Risk factors of suicide
- Previous attempts
- Concrete plan to take their own life
- Mental health issues including depression, anxiety, and bipolar disorder
- Substance use issues
- Gambling issues and other addictions
- Reckless behavior
- Lack of meaning and purpose in life
- “Self-harm” behaviors such as cutting or burning
- Eating disorders including anorexia, bulimia, binge eating, and food addiction
- Physical, mental, or emotional abuse from bullying, domestic violence or other
- Loss including relational, social, financial or occupational
- Relationship issues
- Lack of access to professional help and resources
- Losing somebody to suicide
- Statements such as life is pointless or expressions of self-hatred
- Access to lethal methods of death such as firearms or drugs
- Highest rates of suicide are individuals ages 15 to 29
- Men are more likely to follow through on suicide and use successful means
- Suicide is more prevalent among low to middle-income individuals
Myths that simply are not true.
- Talking about suicide with a suicidal individual will make the problem worse or increase the likelihood of a person carrying out their suicide plan.

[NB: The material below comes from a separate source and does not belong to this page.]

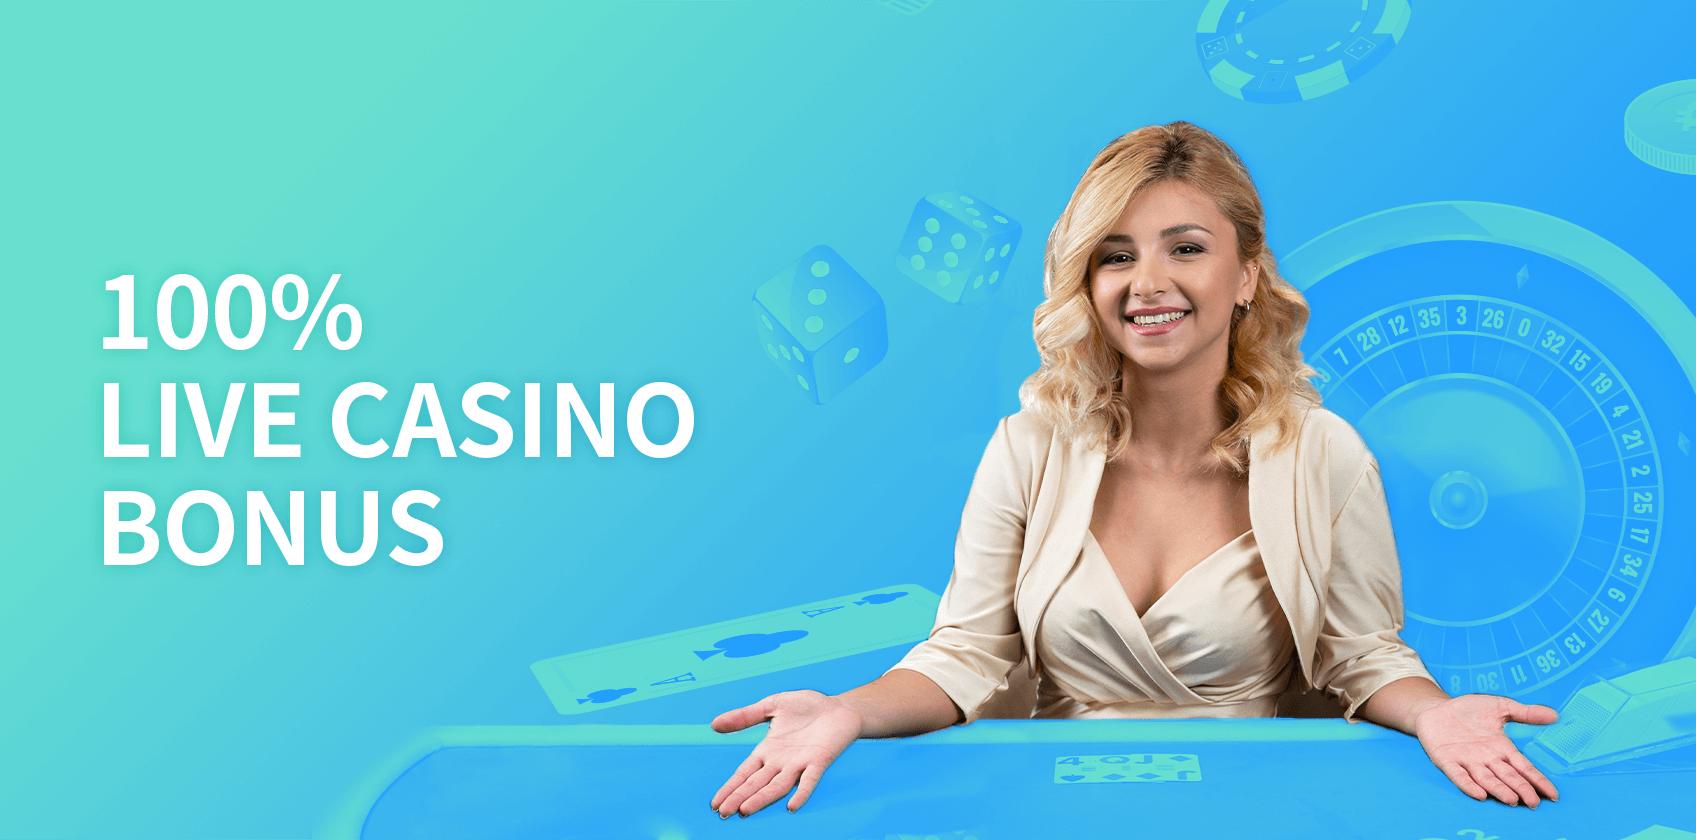 Exclusive Live Casino Bonus Up To 1btc

- People who express suicidal thoughts but have never acted out on their thoughts are simply “attention seeking.”
- Suicidal individuals will be suicidal forever.
- Only people with mental health issues become suicidal.
- Suicides happen suddenly and without warning
- Suicidal people want to die.
- If someone is suddenly happy they are no longer suicidal.
Suicide is preventable.
Know the signs.
- Feeling like a burden
- Feeling lonely
- Feeling helpless or hopeless
- Feeling sad or depressed
- Substance abuse or increased substance use
- Irritability, anger, and mood swings
- Sleeping too little or too much
- Talking or posting about wanting to die
What you can do.
- Ask them how they are feeling and listen.
- If actively suicidal, keep them safe until professional help arrives.
- Help them connect with treatment.
- Show compassion and love to those with mental health or substance abuse issues.
- Talk openly about mental health and substance abuse.
- Reduce stigma, mental health is no different than physical health.
- Educate yourself about mental health.
- Do not label or stereotype people with mental health or substance abuse.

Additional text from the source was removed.